Here $\large \rho = \frac{m }{ne^2 \tau}$ is called resistivity of the material .

$ \displaystyle R = \rho \frac{l}{A} $

Where ρ is a constant which depends upon the material of the wire , it is called the resistivity of the material and has the unit ohm-meter.

**Electrical Conductivity :** The inverse of resistivity is known as conductivity (σ)

$ \large \sigma = \frac{1}{\rho} $ , which has units of mho/m

**Conductance (G): ** It is reciprocal of resistance .

$\large G = \frac{1}{R}$ , Unit is mho or siemen(S)

**Relation between J , σ & E :**

$\large I = n e A v_d$

$\large I = n e A (\frac{e E}{m}\tau)$

$\large I = \frac{n e^2 A \tau E}{m}$

$\large \frac{I}{A} = \frac{n e^2 \tau E}{m}$

$\large \frac{I}{A} = \frac{ E}{m/n e^2 \tau}$

$\large J= \frac{ E}{\rho} $

$\large J= \sigma E $

### Variation of Resistance with temperature

$ \displaystyle R_T = R_0 [1 + \alpha (T – T_0 )] $ ; Where alpha (α) is temperature coefficient of resistance .

Problem : The resistance of a thin silver wire is 1.0Ω at 20°C. The wire is placed in a liquid bath and its resistance rises to 1.2 Ω. What is the temperature of the bath ? α for silver is 3.8 × 10^{-3}/°C.

Solution : R(T) = R_{0} [1 + α(T-T_{0})]

Substituting the values, we have 1.2 = 1.0[1 + 3.8 × 10^{-3} (T – 20)]

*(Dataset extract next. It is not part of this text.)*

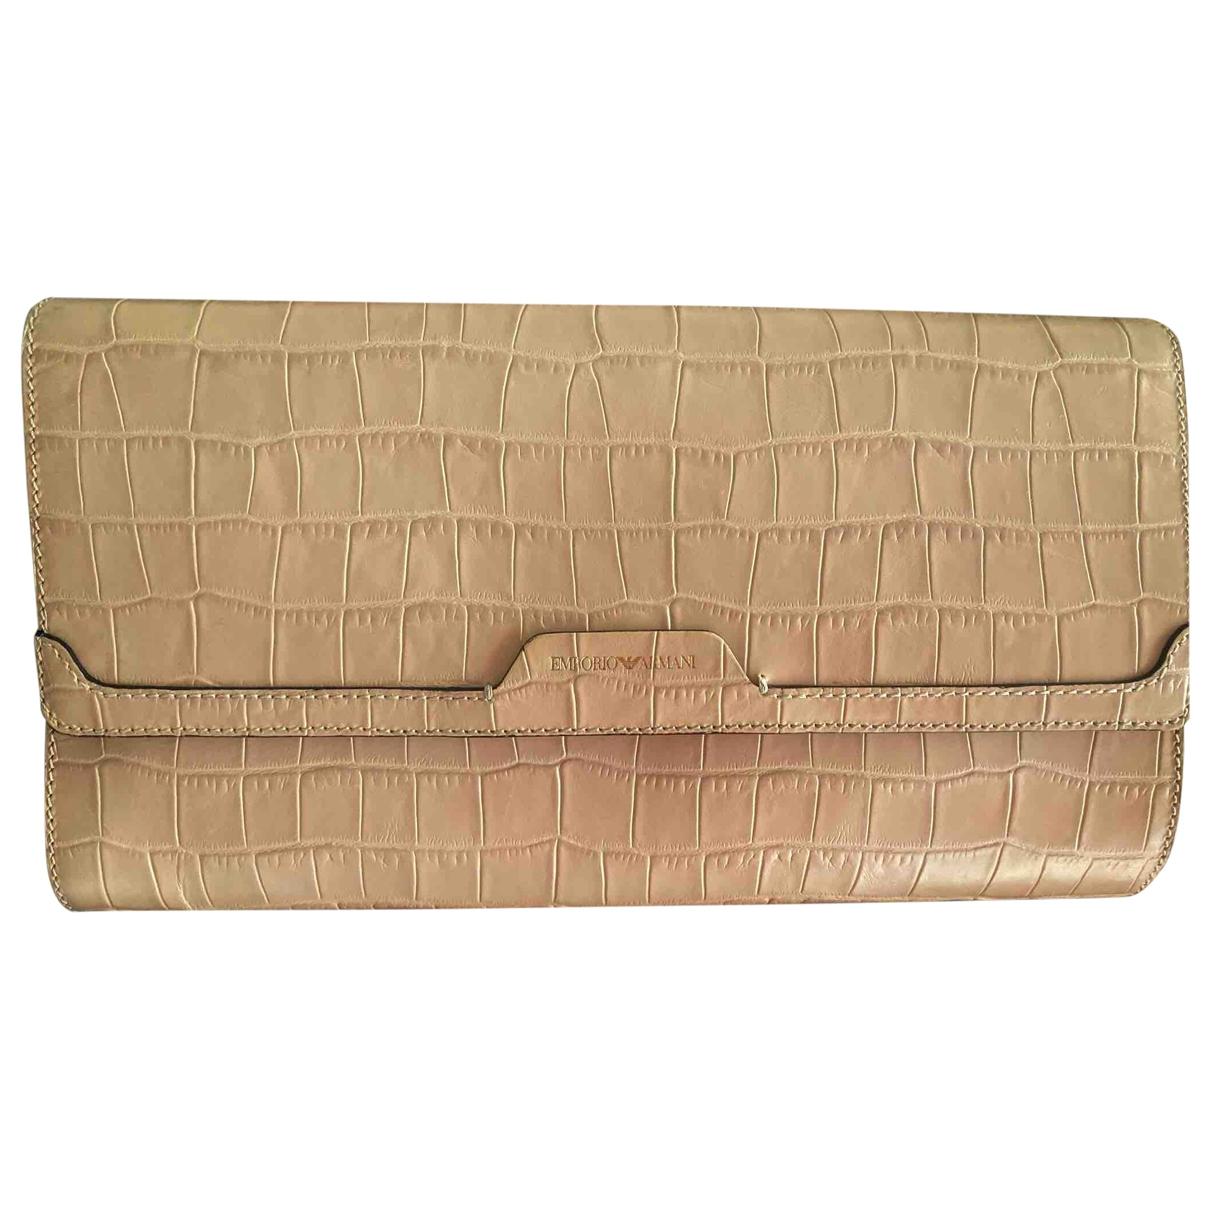 Emporio Armani - Pochette   pour femme en cuir - beige

0.2 = 3.8 × 10^{-3} (T – 20)

On Solving this, we get T = 72.6°C

Problem : A wire carries a current of 2.0 A. What is the charge that has flowed through its cross-section in 1.0s ? How many electrons does this correspond to ?

Solution: q = I t = 2 × 1 = 2 C

$\large n = \frac{q}{e} = \frac{2}{1.6 \times 10^{-19}}$

= 1.25 × 10^{19}

Problem : The current in a wire varies with time according to the relation i=(3.0A)+(2.0A/s)t

(a) How many coulombs of charge pass a cross-section of the wire in the time interval between t = 0 and t = 4.0s ?

(b) What constant current would transport the same charge in the same time interval?

Solution: $\large I = \frac{dq}{dt}$

$\large \int_{0}^{q}dq = \int_{0}^{4}I dt$

$\large q = \int_{0}^{4} (3 + 2 t) dt$

$\large q = [3t + 2t^2/2]_{0}^{4}$

$\large q = 12 + 16 = 28 C$

(b) $\large I = \frac{q}{t} = \frac{28}{4} = 7 A$

Problem : Two copper wires of the same length have got different diameters,

(a) which wire has greater resistance?

(b) greater specific resistance?

Solution: (a) For a given wire,

$\large R = \rho \frac{l}{A}$

$\large R \propto \frac{l}{A}$

So the thinner wire will have grater resistance.

(b) Specific resistance (ρ) is a material property. It does not depend on *l* or A.

So, both the wires will have same specific resistance.